Blog | 29 Mar 2022
Why China is crucial for the recovery in global international tourism
International travel is expected to begin the long road to recovery this year, notwithstanding the risks posed by the war in Ukraine and associated escalation in fuel prices. Tourism Economics’ baseline projections are for global international arrivals in 2022 to recover to around 40% below 2019 volumes, well above the trough of the past two years. Full recovery of 2019 global international travel is currently expected in 2025.
China, the world’s largest outbound market for spending in 2019, is expected to stay largely closed to international travellers until the second half of 2022, as part of their strict and ongoing “covid-zero” policy. While primarily targeted at inbound travel, entry restrictions also affect returning residents and therefore limit departures. As a result, outbound travel from China is expected to recover much more slowly than the other four largest pre-pandemic international source markets in 2022 and in 2023.

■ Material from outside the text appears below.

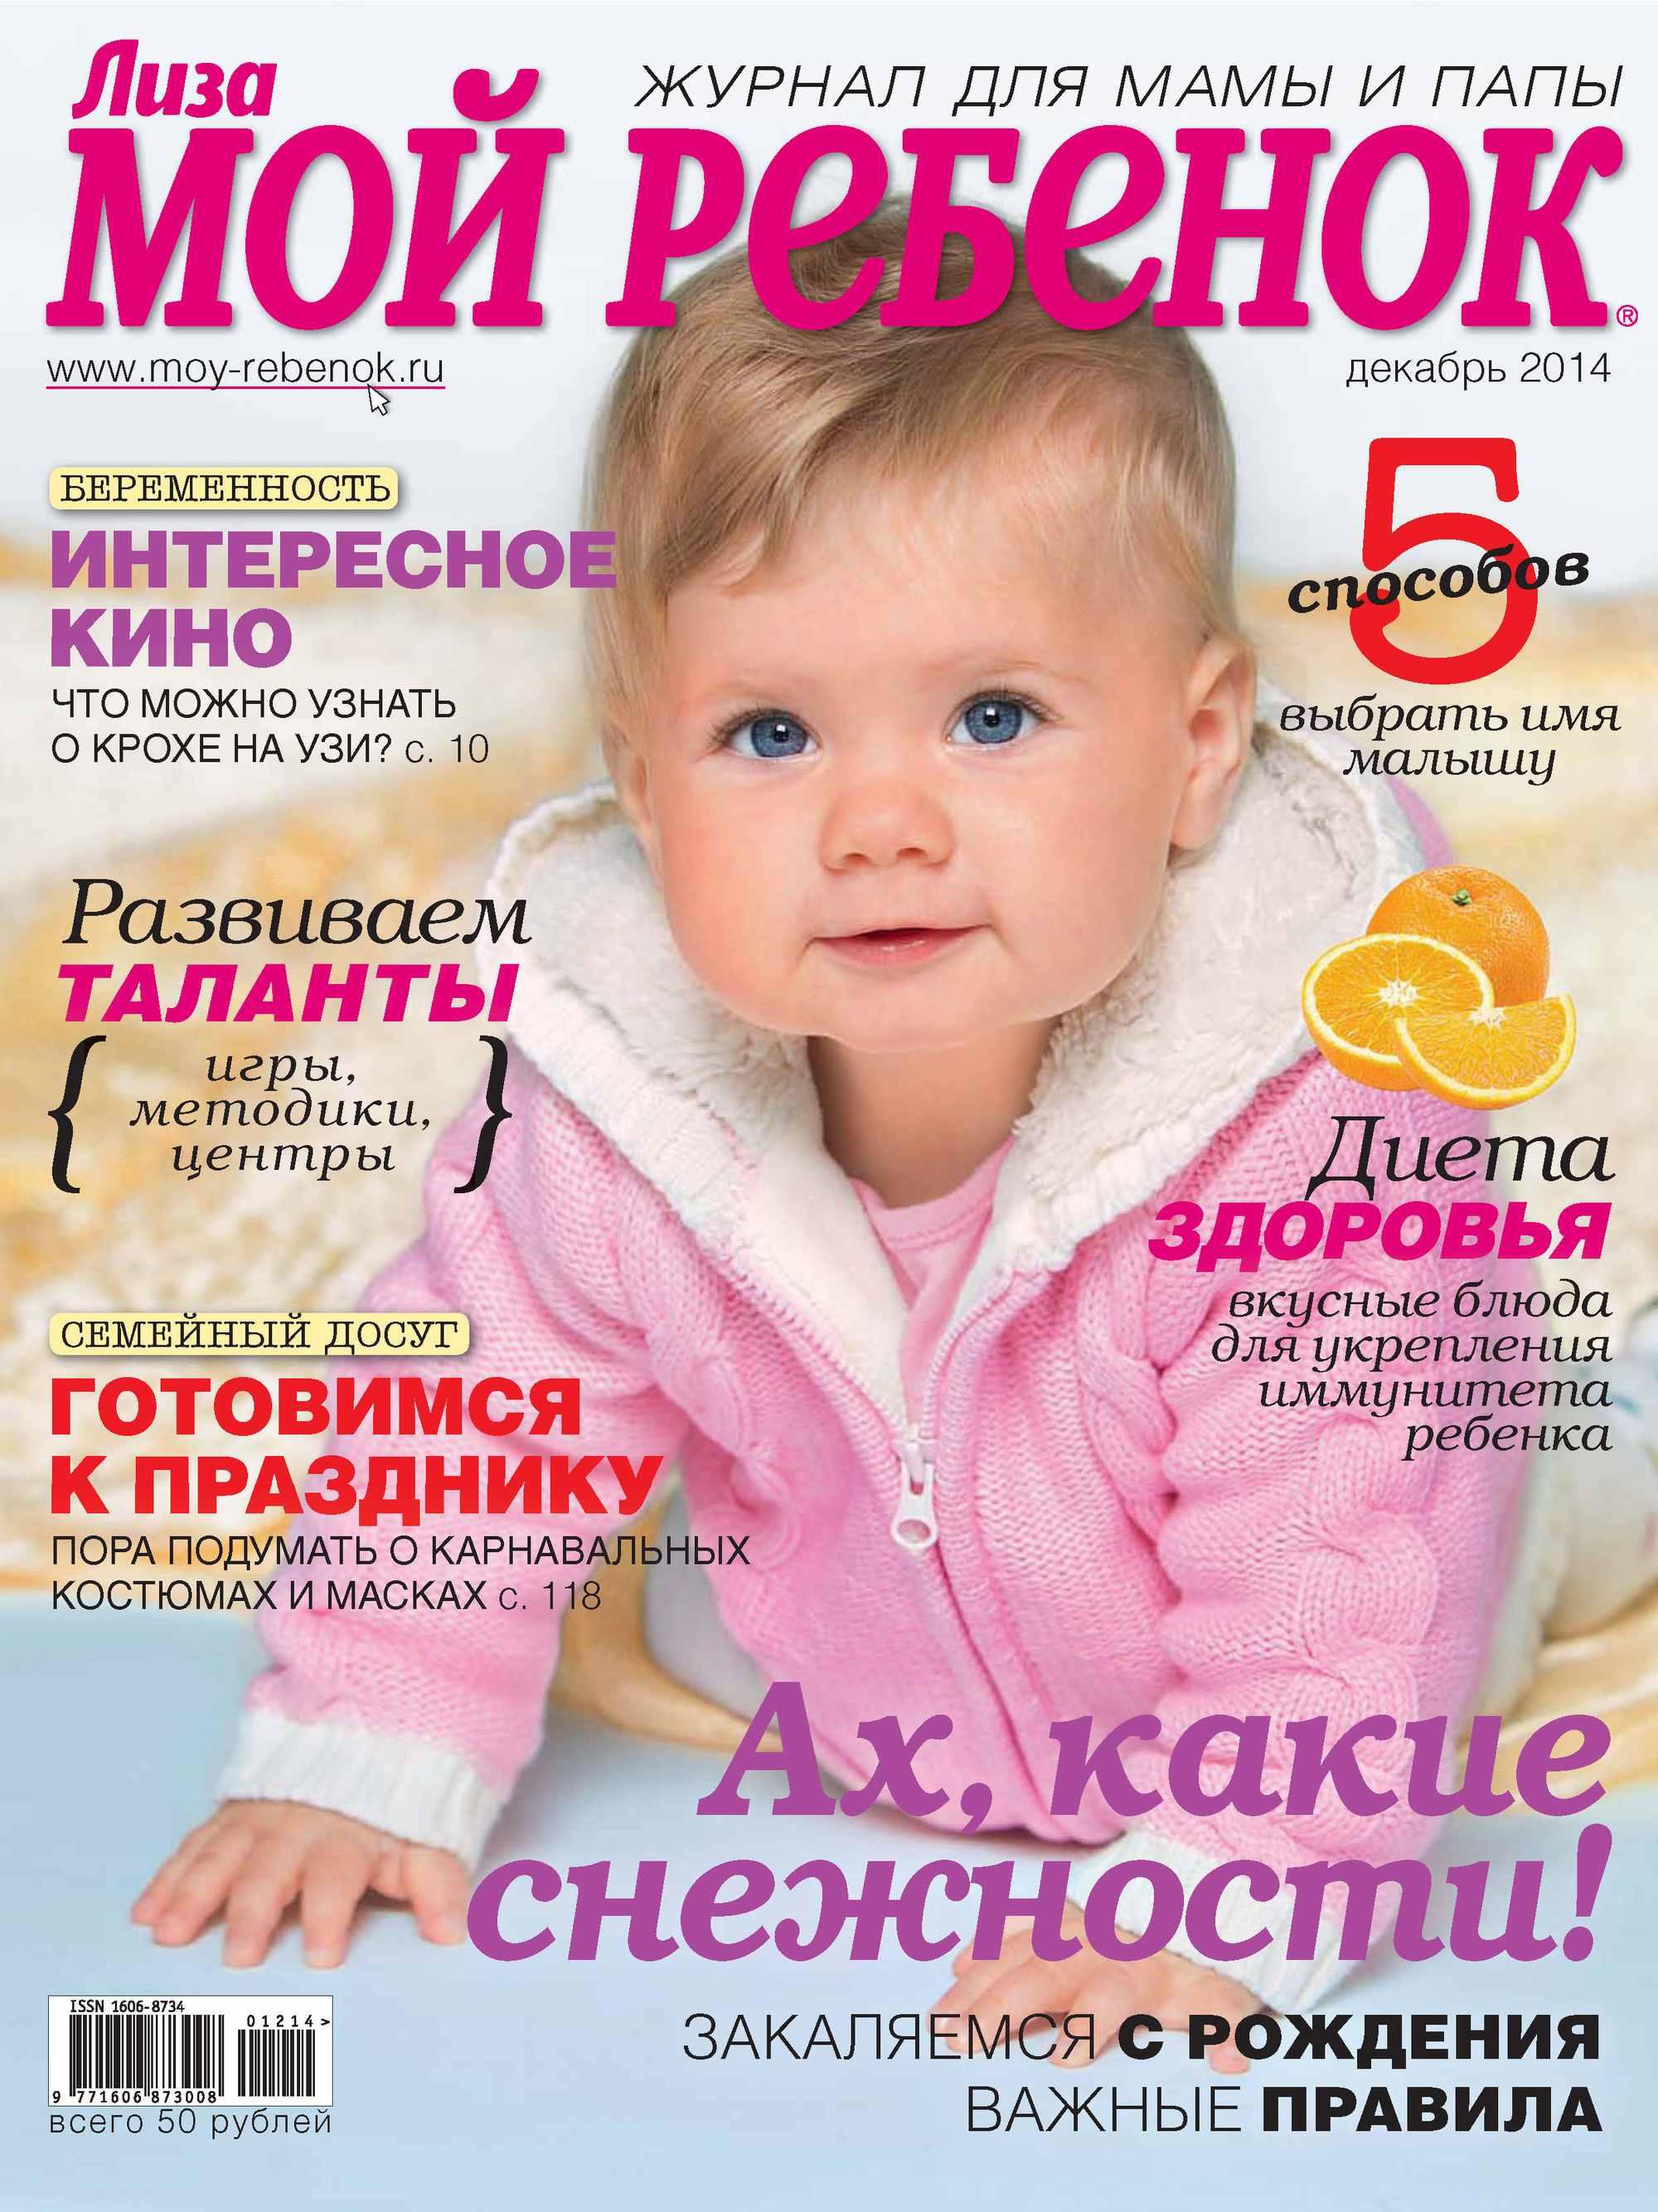 Журнал «Лиза. Мой ребенок» № 12/2014

The pace of China’s reopening is of significant concern to the global tourism industry, given the country’s crucial role in supplying international travellers (almost 12% of spending and 8% of visitors worldwide in 2019). China was also a key driver of growth in the decade prior to the pandemic, accounting for one-quarter of the increase in international travel spending from 2010 to 2019 and 15% of the growth in visitors.
Baseline expectations are for China’s outbound recovery to catch up with the relative recovery of the other four largest source markets by 2026 and outpace them in subsequent years. This catch-up—and general long-run outlook in later years—is driven by expected growth in household income, higher propensity among the Chinese population to travel, and a significant increase in the number of middle-class households. However, a manifestation of downside risks could weaken Chinese outbound tourism (such as geopolitical tensions or prolonged isolation) and would jeopardise the international tourism recovery for all destinations worldwide.
For example, in a severe downside scenario where outbound Chinese visitors in 2026 remain 50% lower than 2019 volumes (rather than the baseline growth projection), significant additional growth would be needed elsewhere to realise the same global recovery of one-fifth more international travellers. If spread across all other markets, the required increase would be an extra 6%-7% for each and every market—at least an additional one-third on top of expected growth. For one market in isolation to compensate for China’s weakness is highly unfeasible—an increase five times the volume of the baseline uptick would be needed from the US, four times the size for Germany or the UK, and almost 40 times the baseline increase for India.
Such a scenario is unlikely, though not impossible, and demonstrates how crucial China is to global international tourism. While destinations in APAC are most reliant on Chinese visitors, all regions are subject to the risk of dampened growth in Chinese outbound. China drove growth in all destinations prior to the pandemic and will remain a crucial part of recovery and long-run expansion.